UpdateLambda(r, R, z, G, dists.to.Rg, dists.table,
    top.bound = 1000)

Arguments

r

Matrix of partial rankings.

R

Current modal sequences.

z

Current probabilities of memberships in each cluster.

G

Number of modal sequences.

dists.to.Rg

Matrix of the distances between the data and the current modal sequences.

dists.table

Table of the distance distribution in N! space, under Kendall's metric.

top.bound

The maximum value for the lambda parameter.

Value

Vector of new lambda parameters for the clusters.

Author(s)

Erik Gregory

References

"Mixtures of distance-based models for ranking data". Thomas Brendan Murphy & Donal Martin. 1 April 2002. Computational Statistics & Data Analysis 41 (2003) 645-655.


Update Proportion in each cluster.

Description

Updates the proportion of data assigned to each cluster.

Usage

UpdateP(z)

Arguments

z

Probabilities that each sequence is in each cluster.

Value

Proportion of data in each cluster.

Author(s)

Erik Gregory

References

"Mixtures of distance-based models for ranking data". Thomas Brendan Murphy & Donal Martin. 1 April 2002. Computational Statistics & Data Analysis 41 (2003) 645-655.

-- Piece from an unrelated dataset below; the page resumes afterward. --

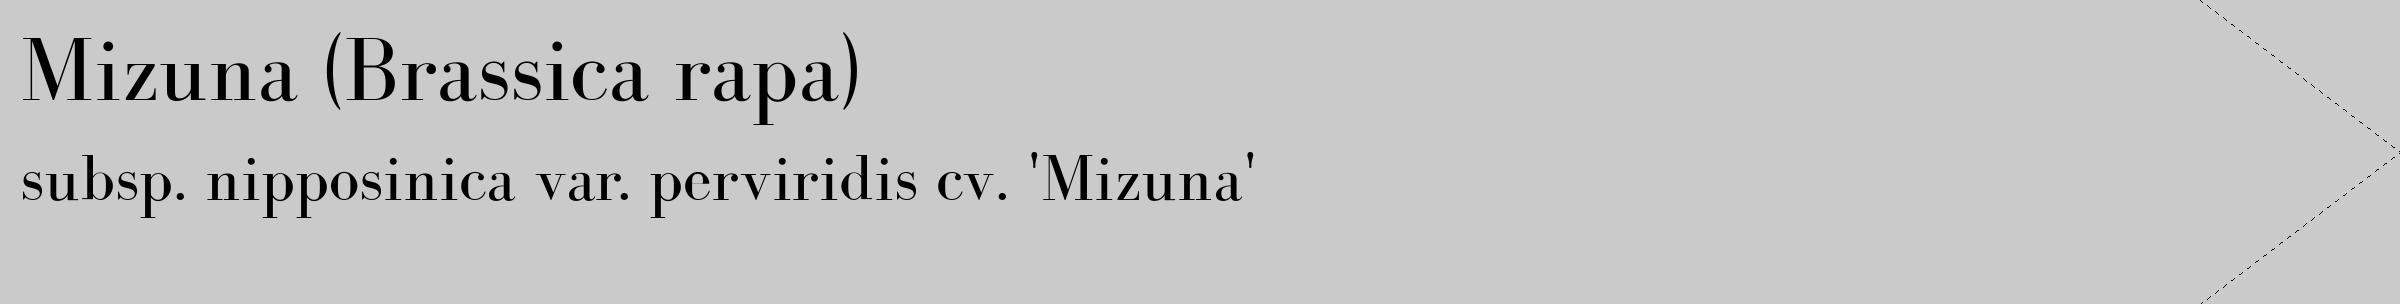 Étiquette de : Brassica rapa subsp. nipposinica var. perviridis cv. 'Mizuna' - format c - style noire21_simple_simplebod avec comestibilité

Update modal sequences in each cluster.

Description

Maximizes the likelihood of the data by updating the cluster centers of the model.

Usage

UpdateR(r, z, infos = NULL)

Arguments

r

Matrix of sequences being clustered.

z

Probability of cluster membership for each sequence and each cluster.

infos

The KendallInfo matrix for "r".

Value

New cluster centers for each cluster.

Author(s)

Erik Gregory

References

"Mixtures of distance-based models for ranking data". Thomas Brendan Murphy & Donal Martin. 1 April 2002. Computational Statistics & Data Analysis 41 (2003) 645-655.